On that October day 56 years ago, McCourt made his way from the Port of Albany over to Broadway and Union Station to catch a train to New York City. He bought a cup of coffee and a piece of pie in the train station.
"I remember the coffee came in a big, thick white porcelain cup and I was amazed at how thick it was," McCourt recalled. "I had the first piece of lemon meringue pie in my life. The pie sent me into heaven. I thought: If this is what life is like in Albany, how much better can it get in New York?"
Only recently did a letter from a reader, a retired sailor in the Irish merchant marine, shed light on a brief stop McCourt's freighter made at Poughkeepsie, which is briefly mentioned in "Angela's Ashes."
McCourt learned that tickets for the Irish Sweepstakes, a lottery banned in the United States in 1949, were routinely smuggled into this country aboard cargo ships loaded in Ireland. Poughkeepsie allegedly was a well-known drop for the illicit sweepstakes tickets.

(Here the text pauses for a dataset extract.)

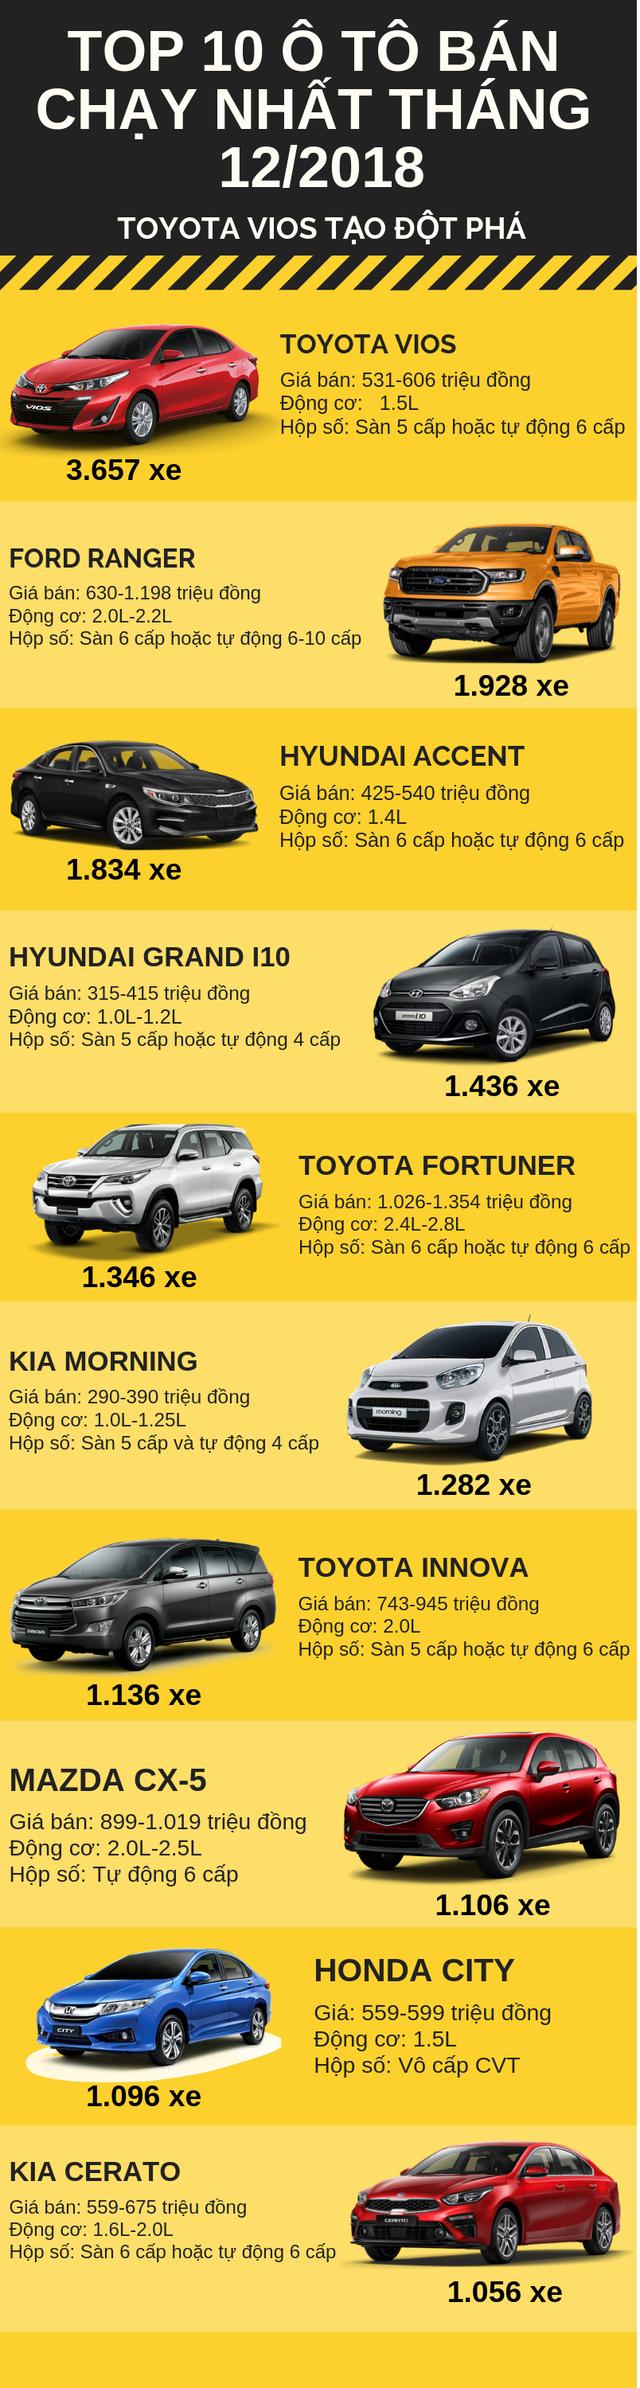 Top 10 ô tô bán chạy nhất tháng 12/2018: Toyota Vios tạo bước đột phá - Ảnh 1.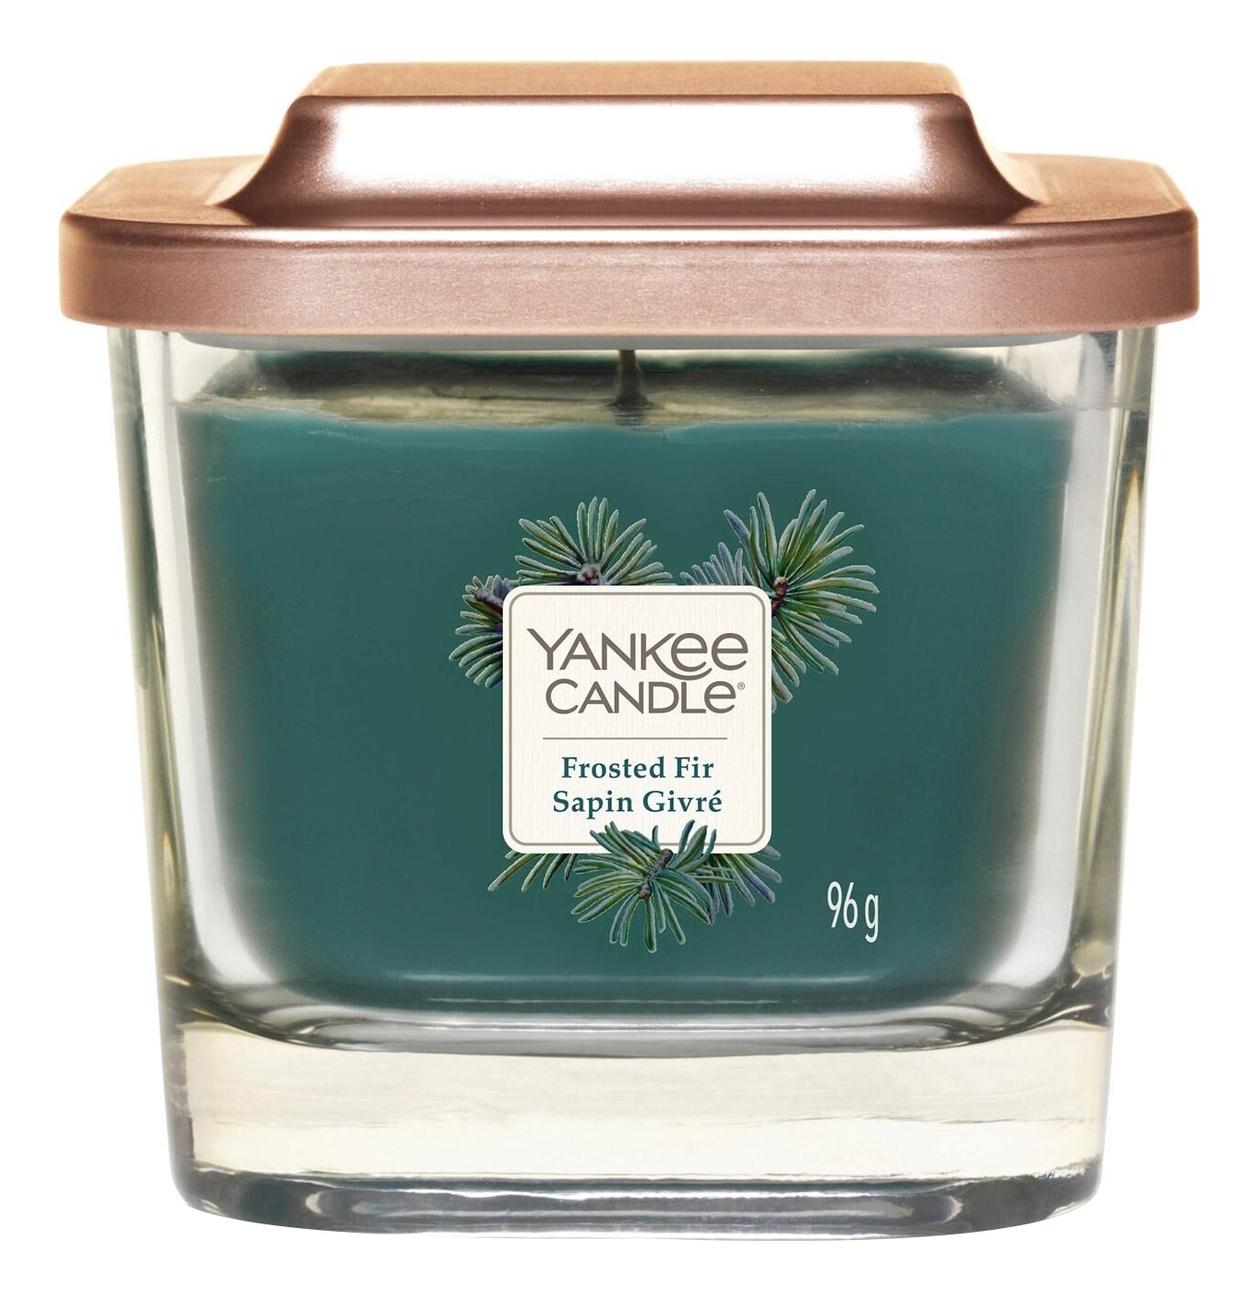 Купить Ароматическая свеча Frosted Fir: Свеча 96г, Yankee Candle

"This reader was very knowledgeable and speculated that I was used as a decoy to go ashore in Poughkeepsie to see if any police or federal agents were waiting before the Irish Sweepstakes tickets were smuggled ashore," McCourt said.
Another reader sent McCourt a manifest of the freighter he sailed from Cork, complete with a list of crew and passengers.
"He sent me the material and said he had taken on this research in order to prove me a liar, but there was my name and my story checked out," McCourt said.
This led McCourt to reflect on the controversy dogging author James Frey and his bestselling memoir, "A Million Little Pieces." After an investigative Web site, The Smoking Gun, challenged its veracity, Frey admitted that he had embellished portions.
"I'm always quoting Gore Vidal and his memoir, 'Palimpsest,' " McCourt said. "Vidal said a memoir is an impression of your life, but even if you say it's just your impression you can't put in things that didn't happen. You can put in impressions about how you felt about things that happened. You can't put in made-up events. These things are easily verifiable."
McCourt said his wife, Ellen, is about halfway through Frey's book and he doesn't expect the author's recent revelations will cause her to abandon it.
McCourt never planned to read "A Million Little Pieces."
"I don't like stories of redemption," he said. "It pisses me off when someone boozes it up, drugs it up, writes a book about it and gets rewarded."